3. Enhancing social relationships: For reasons of public health, people must maintain strict social distance and even isolate within their own homes at this time. Nonetheless, it is well established that many people will suffer significant difficulty in so doing. The mental health dangers implicit in social isolation and loneliness are well-recognised and those who live in abusive households or at personal risk of domestic violence are particularly vulnerable at this time. It is vital that public policy addresses itself quickly to these concerns, outlining methods of maintaining social relationships as far as is compatible with the public health fight against the virus. It is crucial in this regard that Australia tackles the deep digital divide, which allows some people to access social connection through technology while others are left effectively cut off. It is important too that charities and other civil society organisations are protected, not least because they remain closer to people experiencing hardship than most government agencies. The rapidly expanding grassroots mutual aid movement also deserves all the support that it requires.

4. Protecting democracy, rights and liberties: Periods of shock of the kind that we are now going through often lead to calls for emergency measures and the tempering of long-held political conventions that protect democratic accountability and civil liberties. That is entirely understandable, but it is also dangerous and the risks of over-reach are real. It is vital that measures are taken to ensure that short-term restrictions on accountability and liberties remain short-term and are only deployed where absolutely necessary. This can be achieved by maintaining strict democratic scrutiny throughout the crisis period and by legislating for the time-limited nature of individual restrictions clearly and effectively. It is vital too that Australia maintains its tradition of transparency, free press and debate throughout this period and its commitment to truth over falsehood.
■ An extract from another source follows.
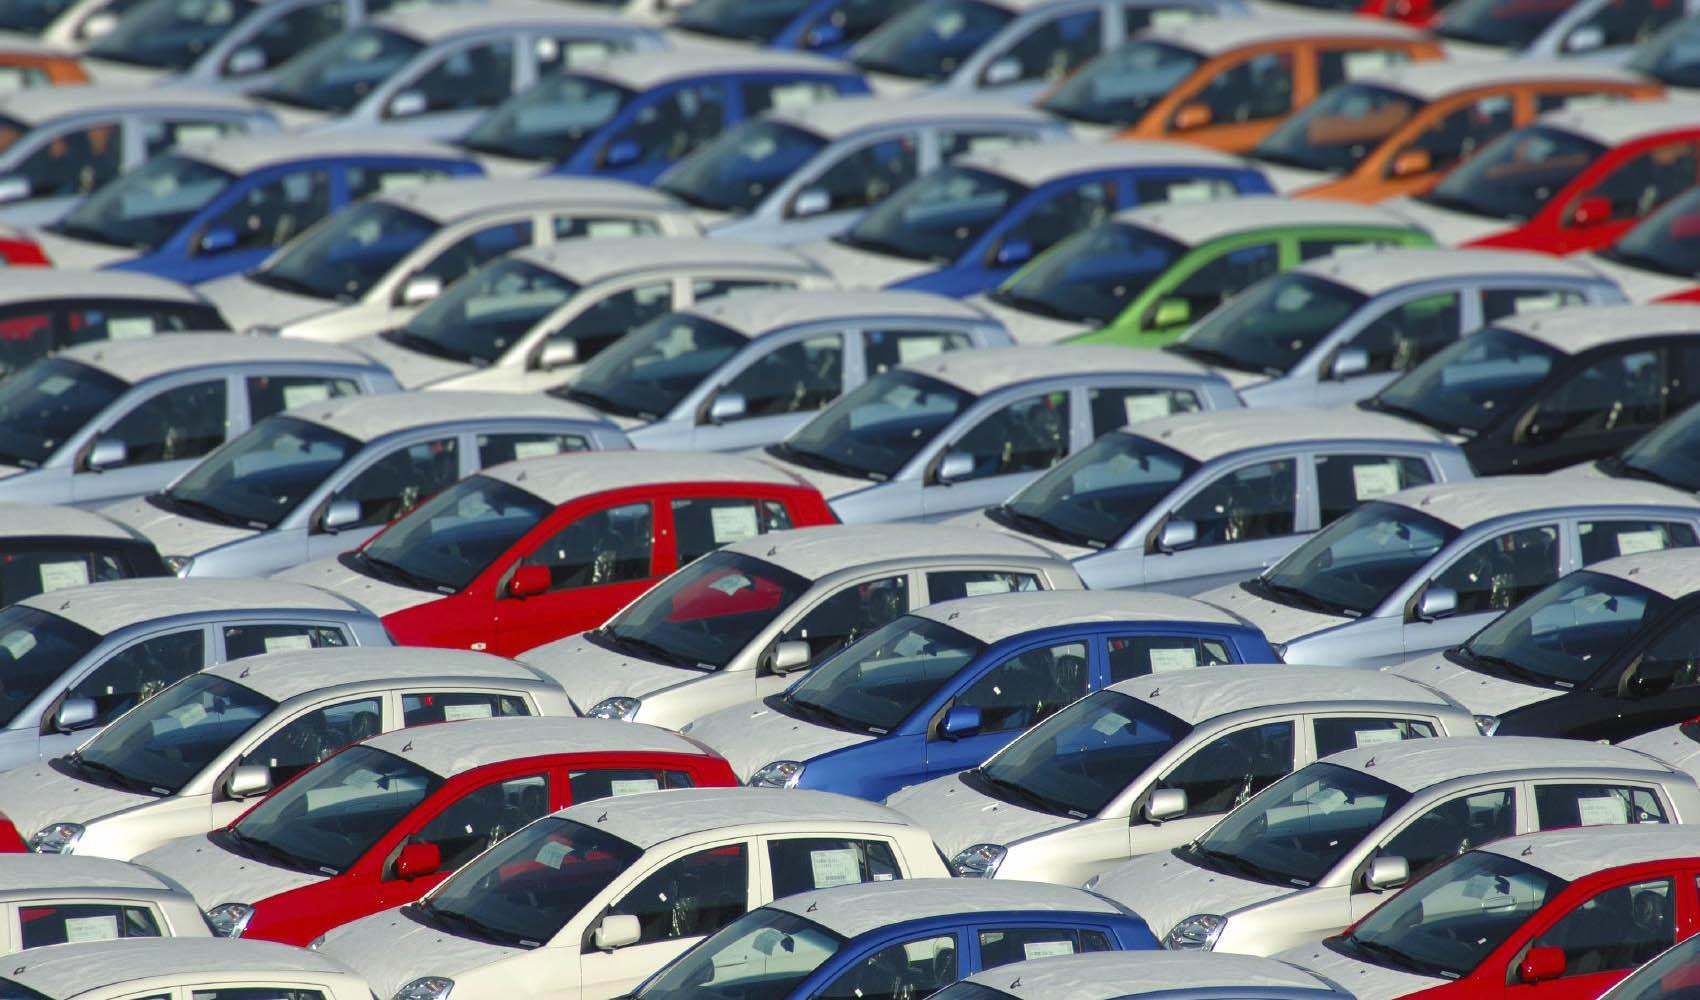 ارائه ۴ پیشنهاد انجمن واردکنندگان خودرو به دولت برای واردات بدون انتقال ارز

5. Building a sustainable future: The immediate crisis is intense, but it will pass. Australia needs to prepare for the aftermath and to do so with urgency. This means building programs of social and economic renewal that can overcome the immediate negative impact of the virus and at the same time turn attention to tackling some of the chronic challenges that were already besetting us as a nation before the virus hit. Programs for economic recovery, for example, should place the challenges of both climate change and systemic inequalities at their heart. This is a moment for the divisions between different Australians to reduce rather than increase. We encourage all policymakers to use this moment as an opportunity to set a better course for the future.